Most helpful comment

@jsirois mentioned it may be possible to preserve the hashes with Pip and Pex. I think it's out of scope for this ticket, but a possible followup.

It works straight out of the gate in Pex, so if Pants doesn't get in the way and you're already generating a requirements.txt as part of this work, you could just add in hash checking from the get go as shown here: https://github.com/pantsbuild/pex/pull/1310

All 14 comments

@jsirois : This might relate to some of what you're looking at: would be good to sync with Eric on it when you get back.

This is a great feature to have, but not going to make it into 2.0. While this workaround isn't ergonomic, Poetry and Pipenv users can in the meantime use the export commands to export into requirements.txt and constraints.txt files.

We can pick this back up for 2.1 or 2.2, as our focus for the first 2.x releases is futher improving Python, before we venture out to new languages.

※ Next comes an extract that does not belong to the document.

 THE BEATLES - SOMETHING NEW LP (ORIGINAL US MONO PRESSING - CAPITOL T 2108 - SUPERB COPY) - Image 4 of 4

Another useful capability if integrating with Poetry and Pipenv is to allow for propagating the constraint ranges to the generated setup.py files when packaging a project. So, rather than setting the install_requires = {'foo==1.2.3'} when Poetry has foo = "^1.0.0", it would generate something like install_requires = {'foo>=1.0.0,<2'}.

Hi @stuhood (long time no see!), my company is evaluating pants as a build tool for some of our python-based ML repositories, which currently use Poetry for package/dependency management.

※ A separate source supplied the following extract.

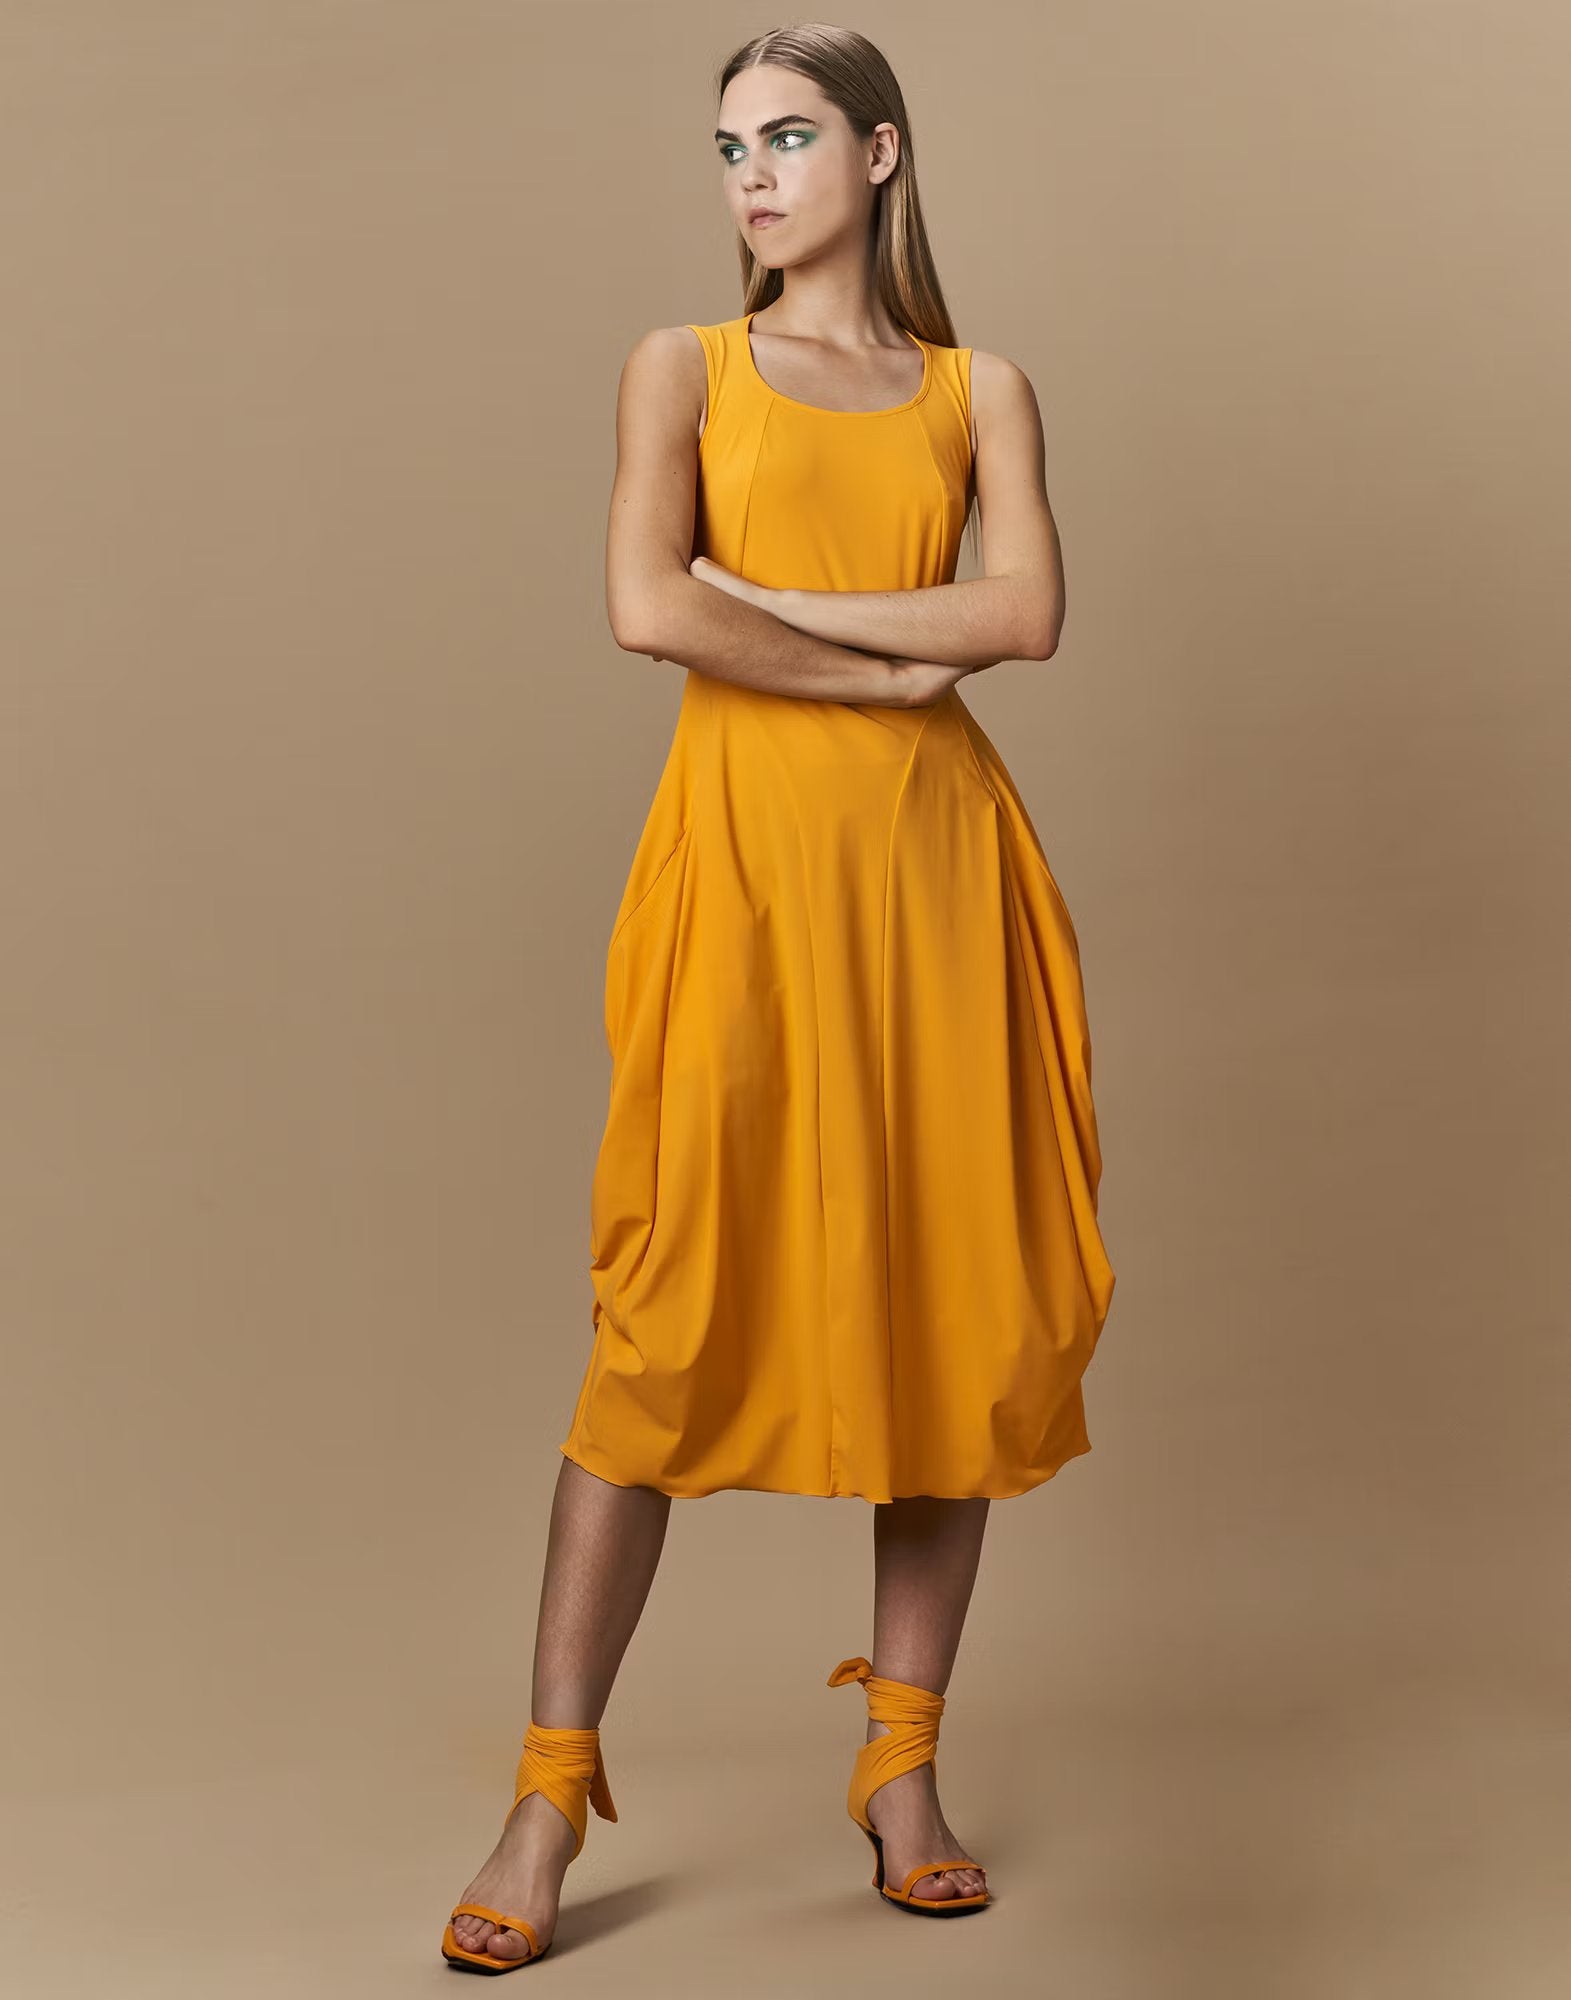 At length yellow dress

Is there any way this feature will make it into any of the upcoming Pants 2.X releases? And - especially if that answer is no - would having a few devs like us collaborate on the feature help improve its chances of getting released?

Thanks in advance, and let us know how we can help.

Hey @lucinvitae! Good to hear from you!

Is there any way this feature will make it into any of the upcoming Pants 2.X releases?

It is not currently prioritized: we updated on the roadmap recently over here: https://groups.google.com/g/pants-devel/c/F8Saug3BrFw/m/ZtWDP4YmDwAJ

And - especially if that answer is no - would having a few devs like us collaborate on the feature help improve its chances of getting released?

We would love to collaborate with you on this one!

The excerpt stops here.